_The data_
* * * * * * * * *
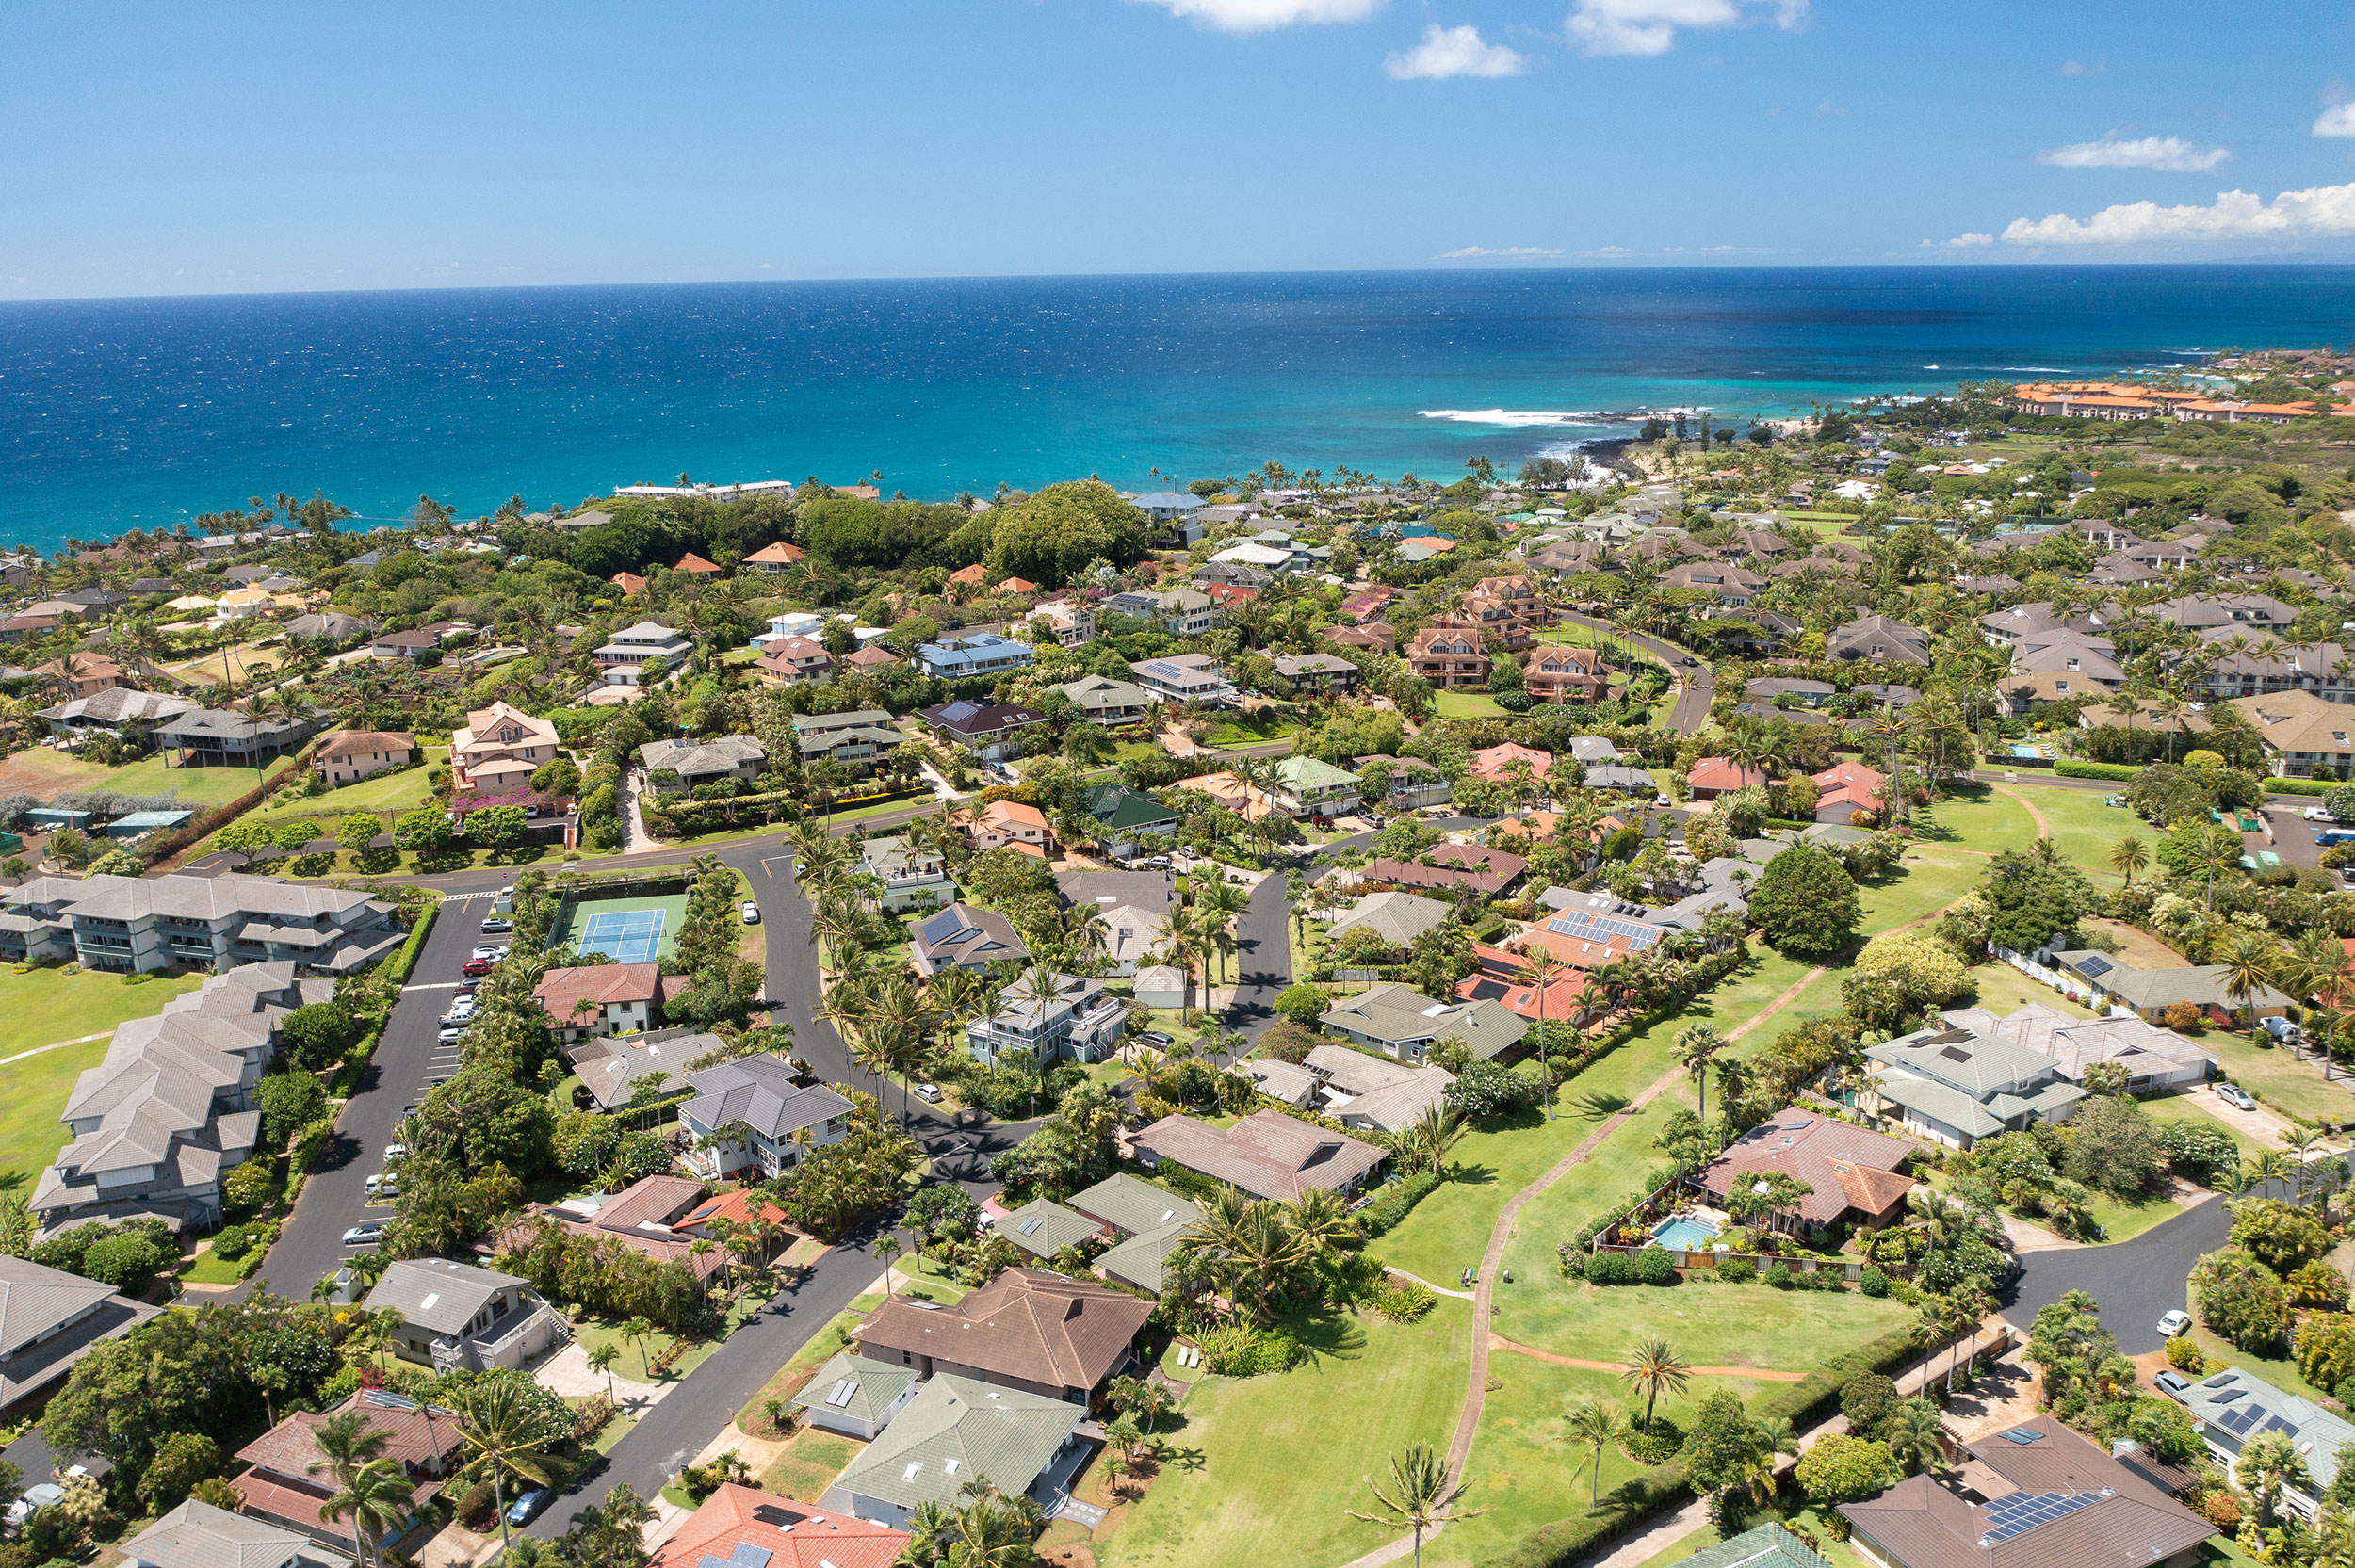 Aerial View of the Poipu Kai Resort area
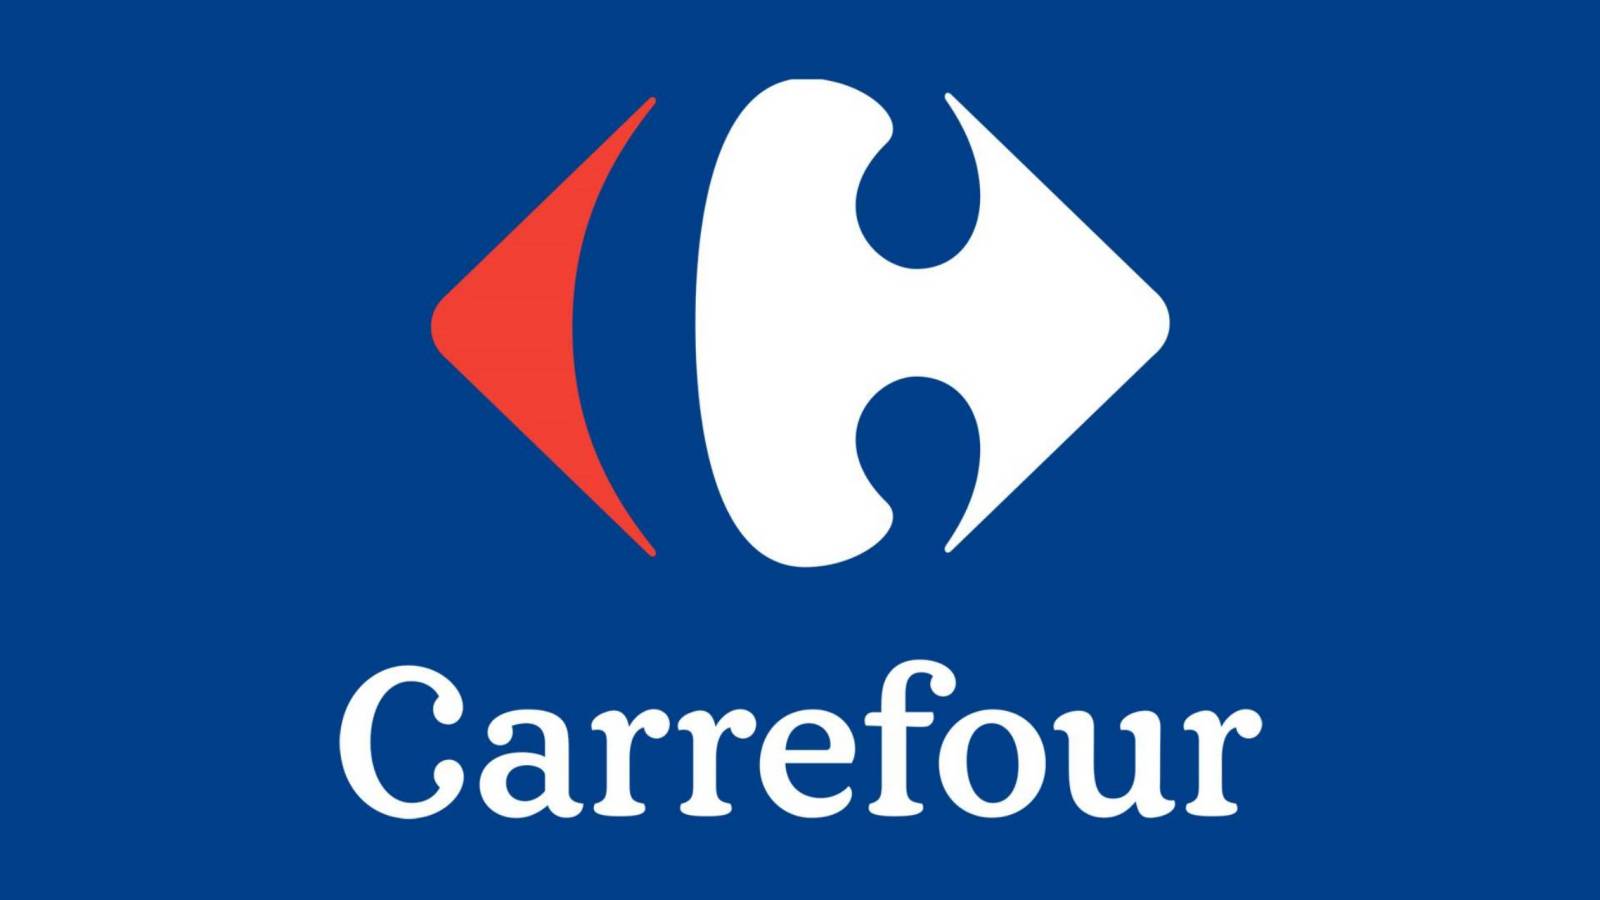 Carrefour-kaarten
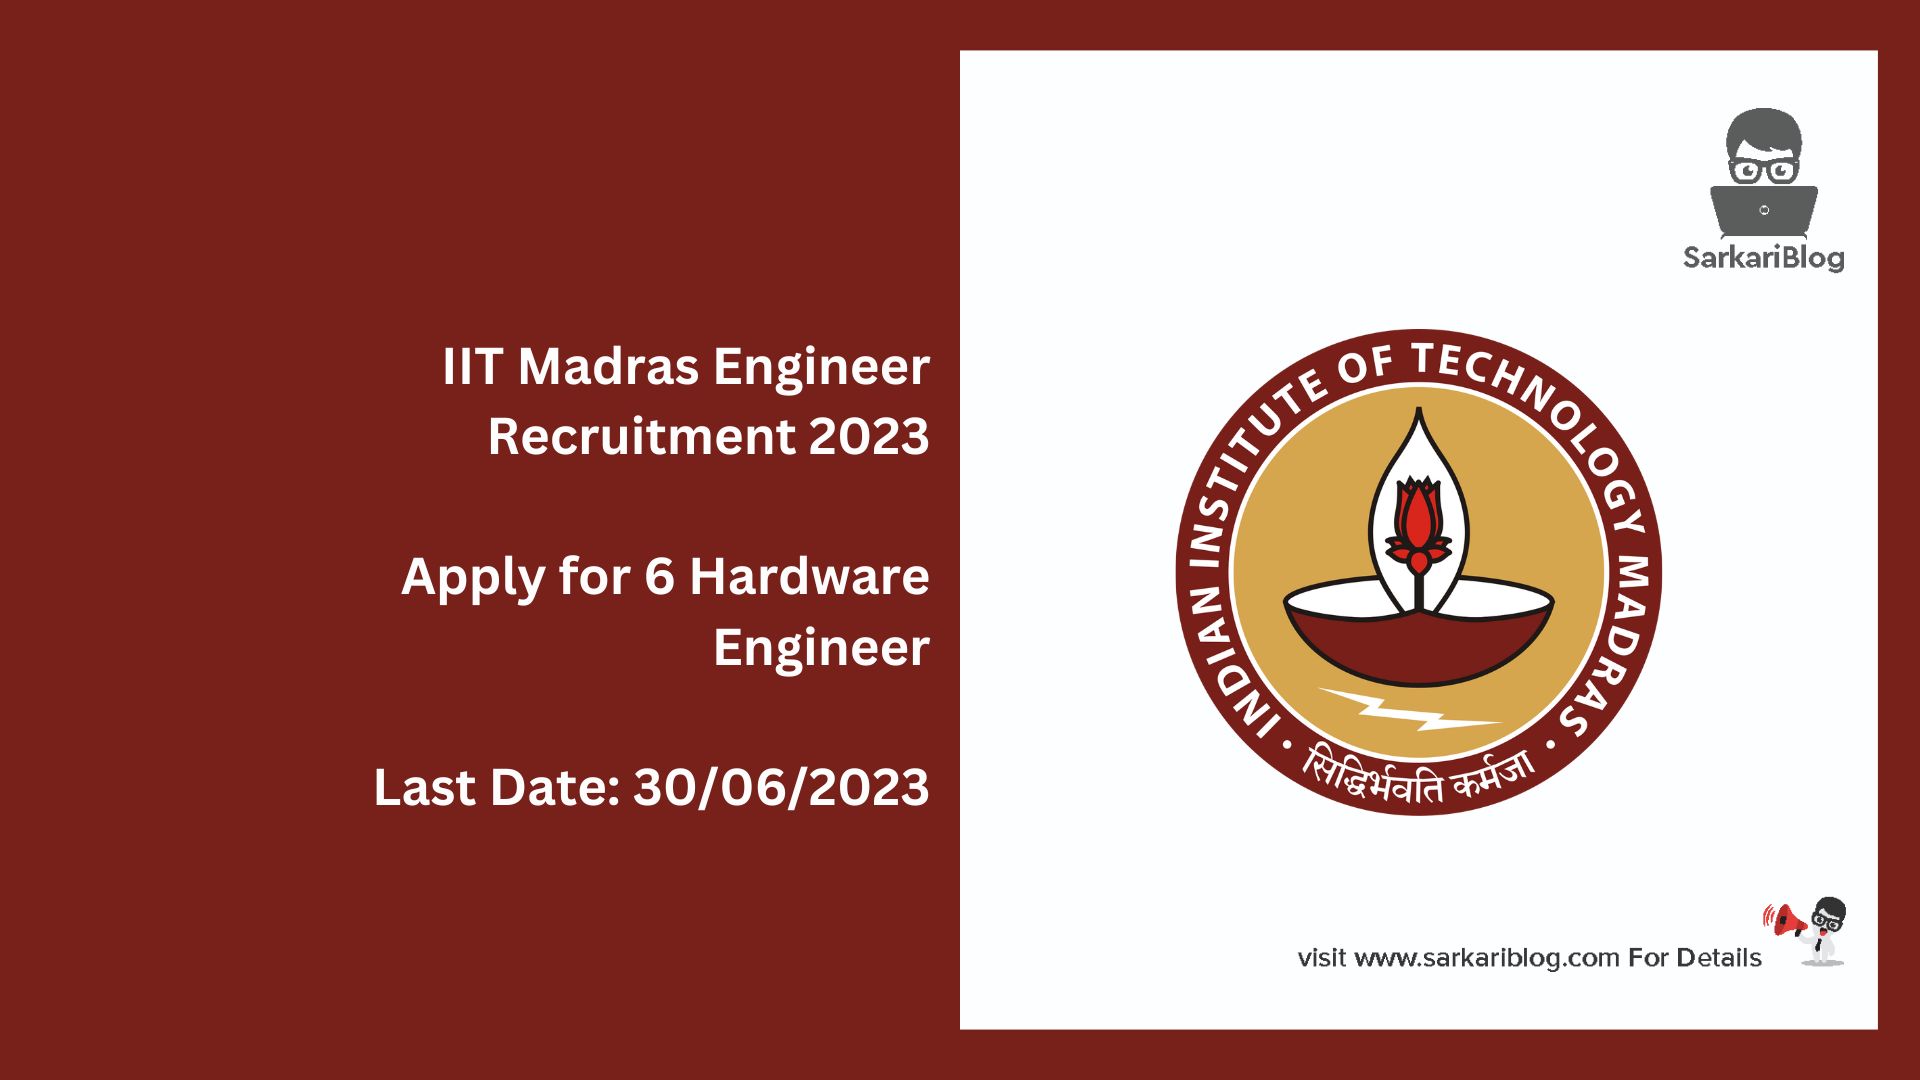 IIT Madras Engineer Recruitment 2023
* * * * * * * * *
_What is expected_
Begin with the line containing "Carrefour-kaarten" and end with the last line of the material above; return exactly those lines, both ends included, and omit all pictures.

_Answer section_
 Carrefour-kaarten
 IIT Madras Engineer Recruitment 2023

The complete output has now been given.